Call to Action: Vaccine Equity in Israel-Palestine
By Asmaa Rimawi, Anand Chukka, and Lianet Vazquez
We are students at Harvard Medical School concerned about the state of health in the Palestinian territories, currently exacerbated by the COVID-19 pandemic and Israel’s inequitable distribution of vaccines. This letter is in direct response to claims by faculty at our medical school, American public health professionals, and the mainstream media that Israel’s vaccination campaign is a successful example of COVID vaccine distribution.

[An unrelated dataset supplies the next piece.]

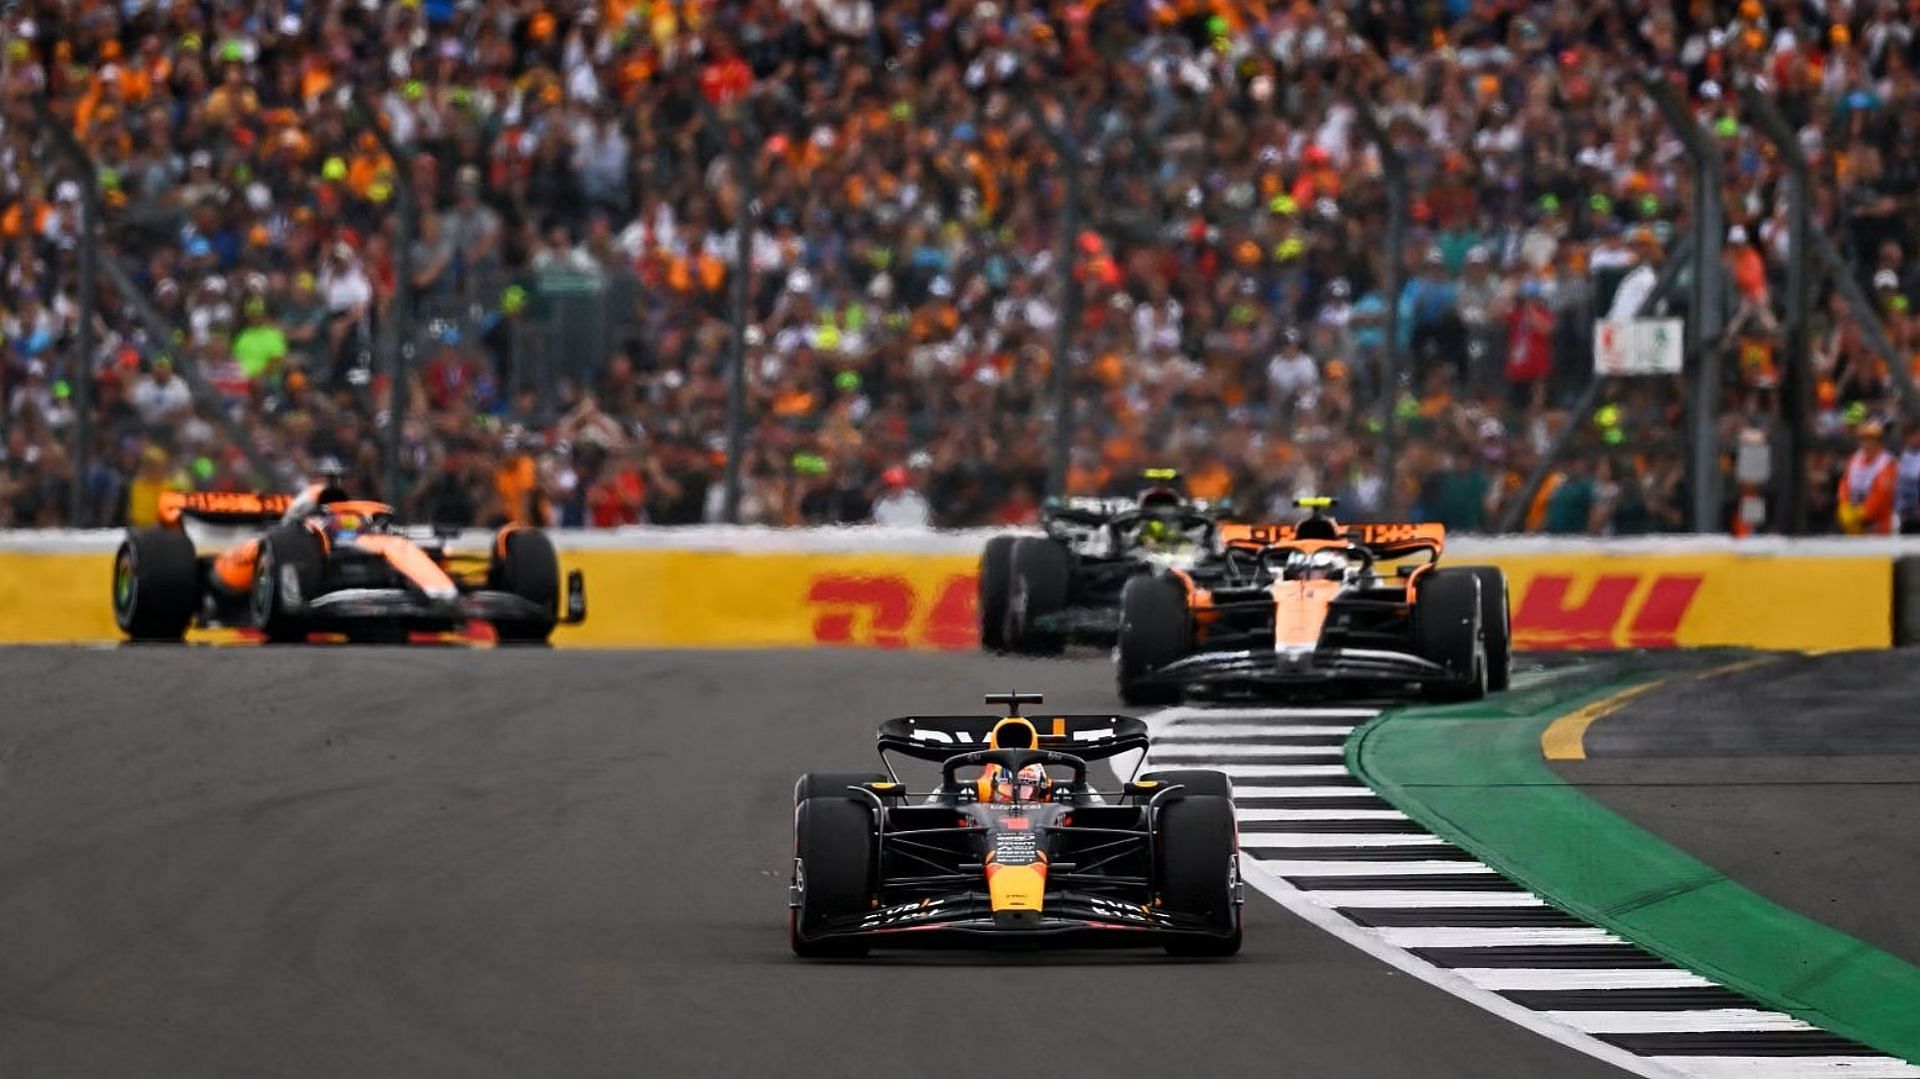 Max Verstappen (1) leads Lando Norris (4) and others during the 2023 F1 British Grand Prix. (Photo by Dan Mullan/Getty Images)

This positive portrayal of Israel’s vaccination campaign is misleading. While Israel has vaccinated 49% of its citizens, five million Palestinians who live under Israel military occupation or blockade have not been included in its vaccination campaign and will have to wait months for vaccines (1) . Physicians for Human Rights-Israel, along with 14 other Israeli, Palestinian, and international health and human rights organizations have called on Israel to provide the necessary vaccines to Palestinian healthcare systems (2).
Under the 4th Geneva Convention and international human rights law, Israel is obligated to provide healthcare and meet sufficient public health standards in the occupied territories. The Israeli government has claimed that vaccination responsibilities fall with the Palestinian Authority (PA), the limited self-governing body, as part of a 5-year interim agreement (3). The PA, however, maintains only limited rule of certain parts of the West Bank and is dependent on international humanitarian aid, as well as tax revenue collected by Israel on its behalf. Israel maintains full civilian and military control of 61% of the West Bank, where Israeli settlers, who enjoy full civil liberties and rights under Israeli law, are receiving COVID vaccines transported by specialized, refrigerator-equipped vans. Their Palestinian neighbors living a few kilometers away under Israeli military rule have not received these COVID vaccines by virtue of being Palestinian. Amnesty International has declared that these vaccine disparities add to the mounting evidence of Israel’s institutionalized discrimination (4).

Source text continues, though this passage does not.